Con la ceramica Sa Turricula iniziano i contesti sia tombali che insediativi. Continuano i vasetti troncoconici con prese quadrangolari trasversali (a volte bugne) o cilindriche. Compare la decorazione plastica (nervature) con cordoni che partono dall’orlo, e spesso all’interno del collo ci sono le riseghe (si tratta di bollitori). I vasi sono polipedi (i tripodi non ci sono più), hanno il coperchio e presentano delle coppelle, scavate o in rilievo. Abbiamo anche piatti con orlo appiattito, simili a quelli Monte Claro e a volte inseriti erroneamente (come è avvenuto nel Nuraghe Bruncu Maduli di Gesturi) in questa fase proprio perché non si conosceva ancora la facies Sant’Iroxi.
È possibile fare dei confronti precisi di queste tipologie ceramiche di olle biconiche e globulari a tesa interna (pissidi), bollitori e tegami con i materiali delle facies Proto-Appenninica e Appenninica, a dimostrazione delle relazioni ad ampio respiro presenti in questo periodo.
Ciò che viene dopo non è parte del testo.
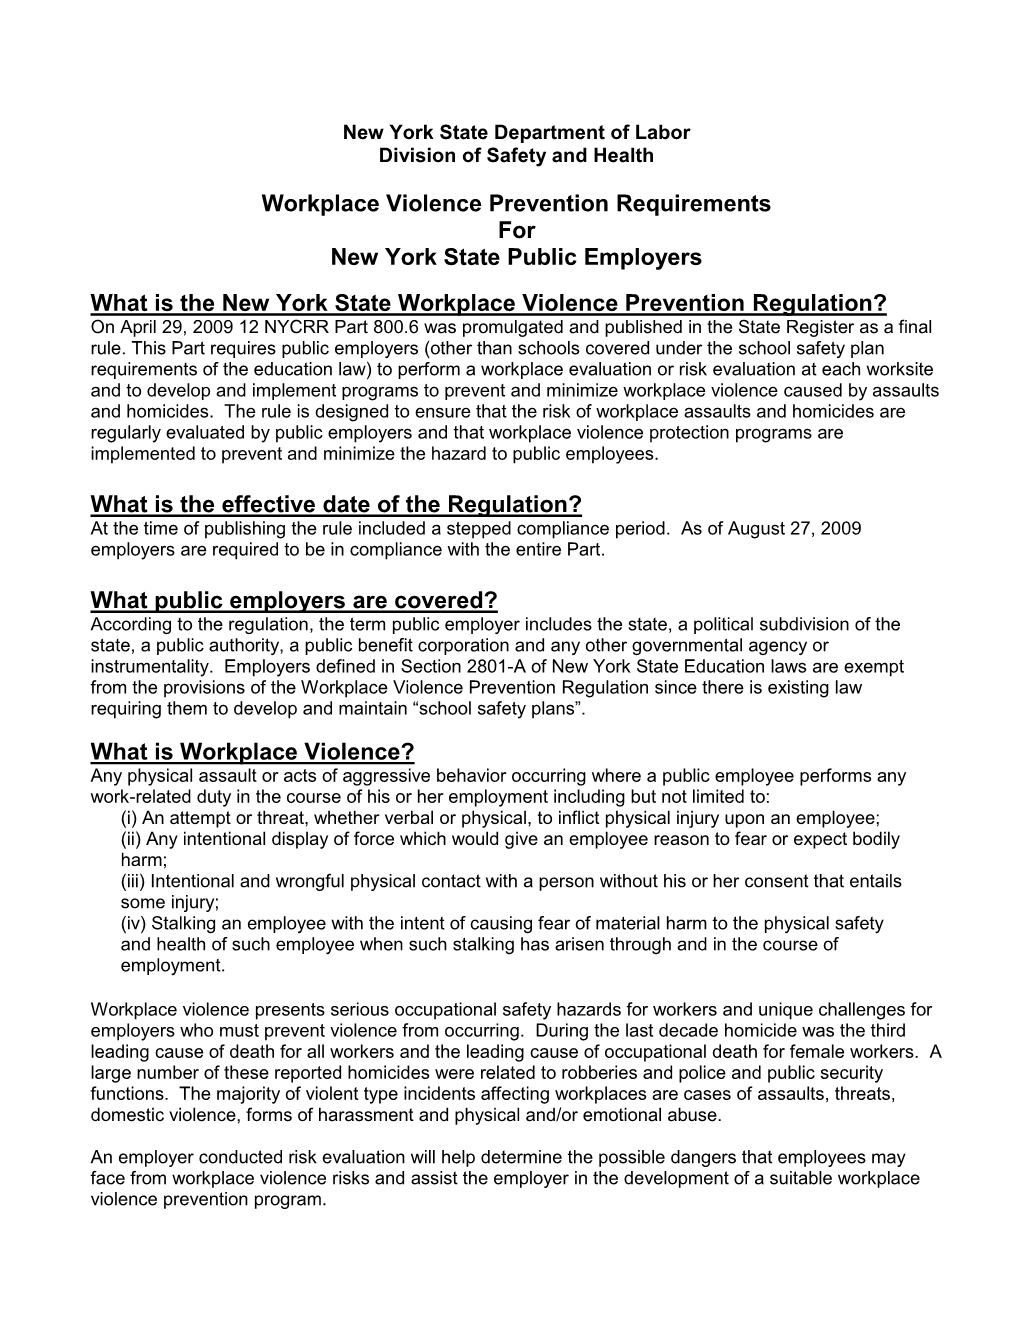 Workplace Violence Prevention Requirements for New York State Public Employers
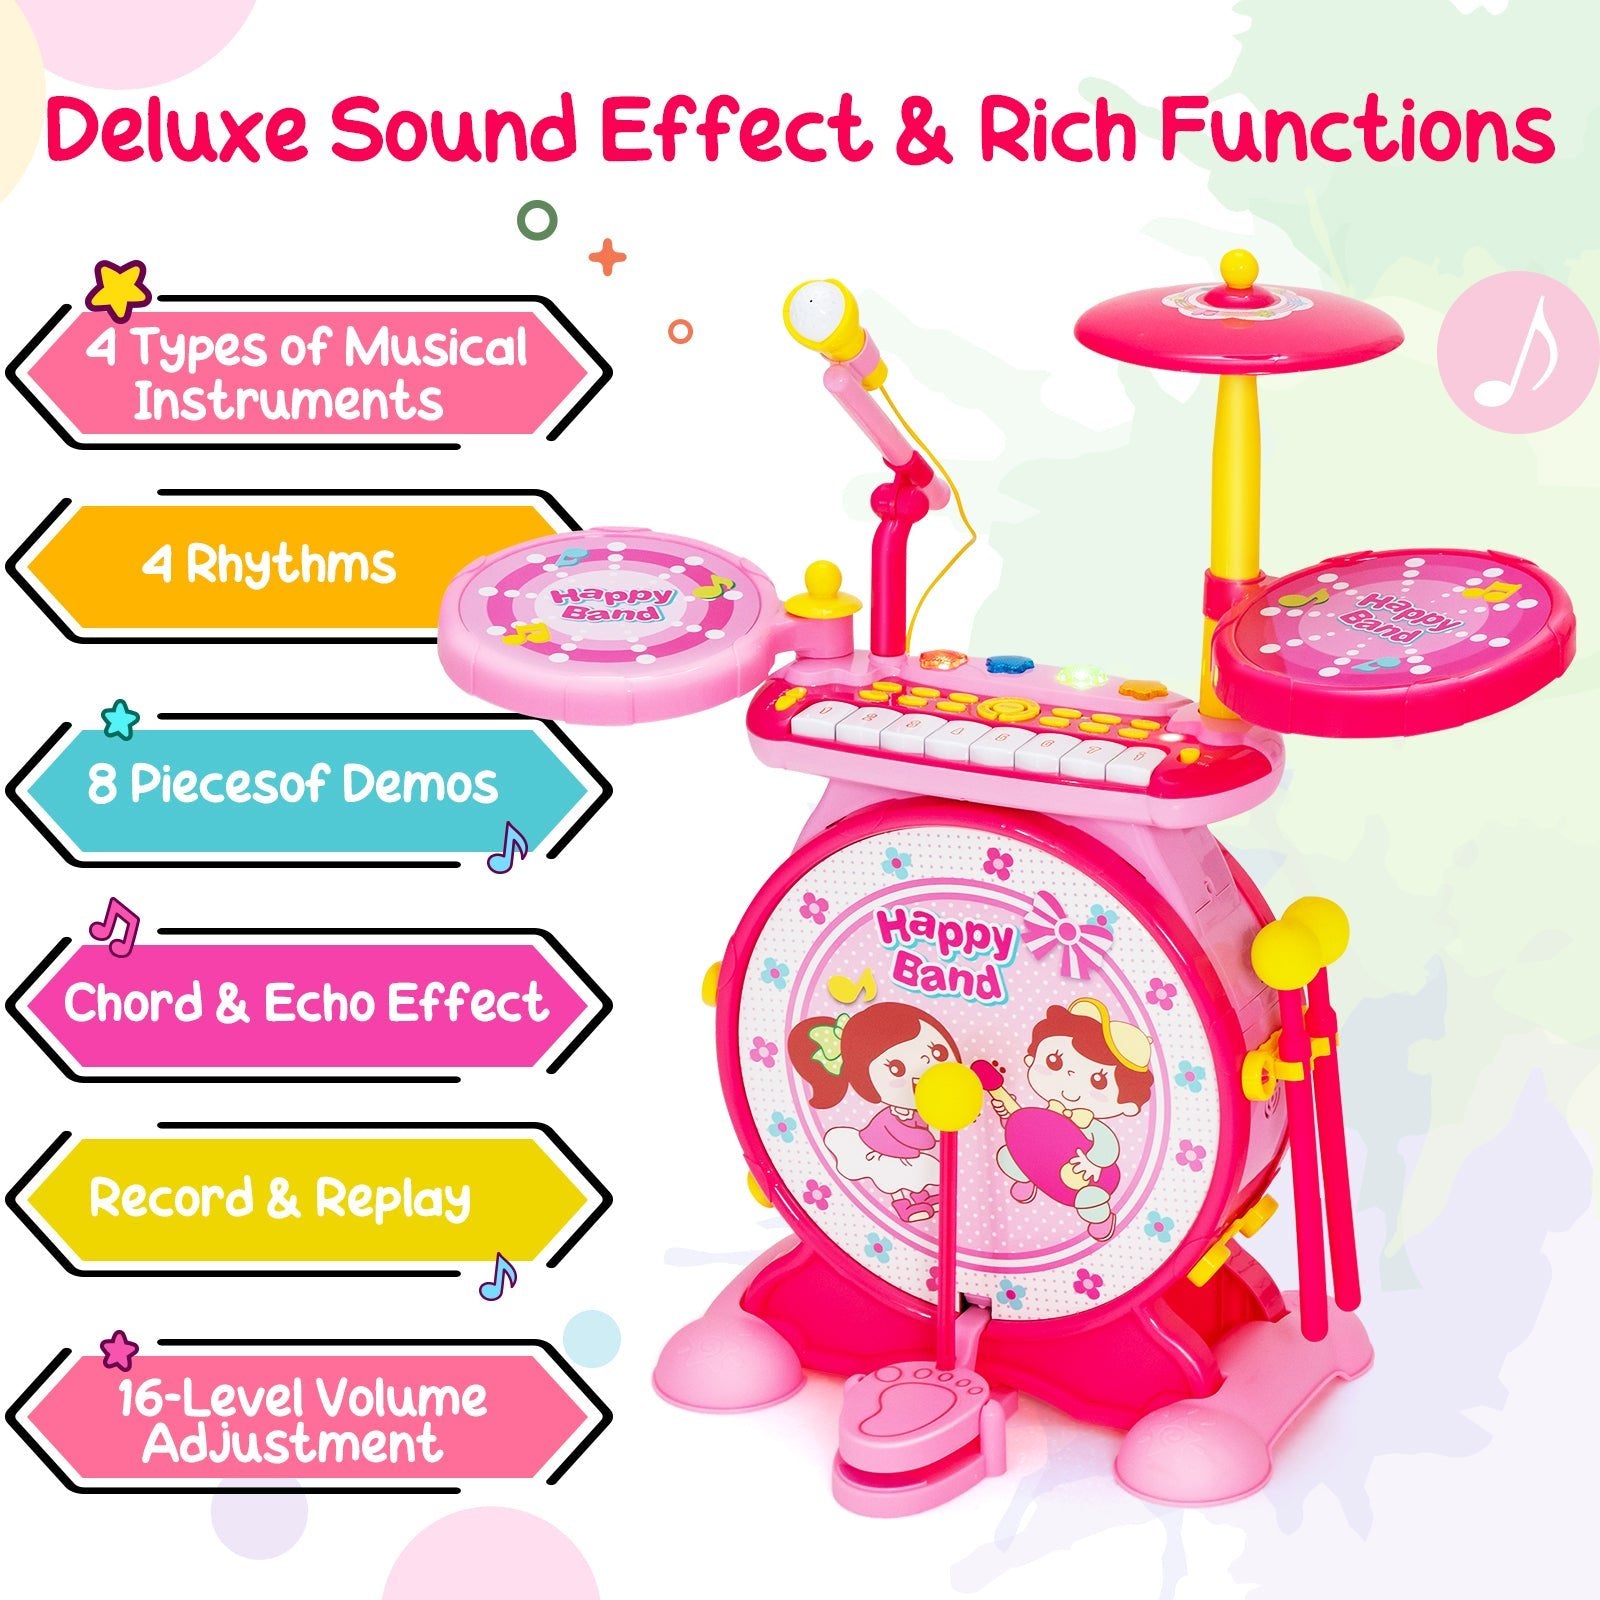 Kids Playful Pink Drum Kit - 2-in-1 Electronic Toy with Keyboard & Microphone

Le anse si trasformano leggermente nella facies successiva, quella denominata San Cosimo, pertanto è abbastanza semplice classificare i materiali di queste tre facies.
Bronzo recente:
In questo periodo abbiamo due fasi: Murru Mannu di Tharros e Antigori.
Nella prima fase abbiamo tegami regolari con solcature che si intrecciano, come già scrisse l’Acquaro (bisogna fare attenzione a non scambiare i frammenti per pezzi appartenenti ad olle a tesa interna). Le superfici sono nere lucide inornate e le forme sono caratterizzate da pareti sottili che non sono testimoniate nel Bronzo Medio, caratterizzato da pareti spesse. Le ciotole carenate hanno anse che si insellano, documentate anche nella successiva fase Antigori. Anche le grandi olle con colletto basso proseguono nella facies Antigori. Gli orci hanno spesso due grandi anse. I bollitori sono simili a quelli dell’Appenninico, a dimostrazione del parallelismo fra Sardegna e Italia peninsulare. Le spalle dei tegami sono concave o oblique, e la decorazione a pettine, che compare nel Bronzo Recente, non compare mai nei tegami delle facies precedenti.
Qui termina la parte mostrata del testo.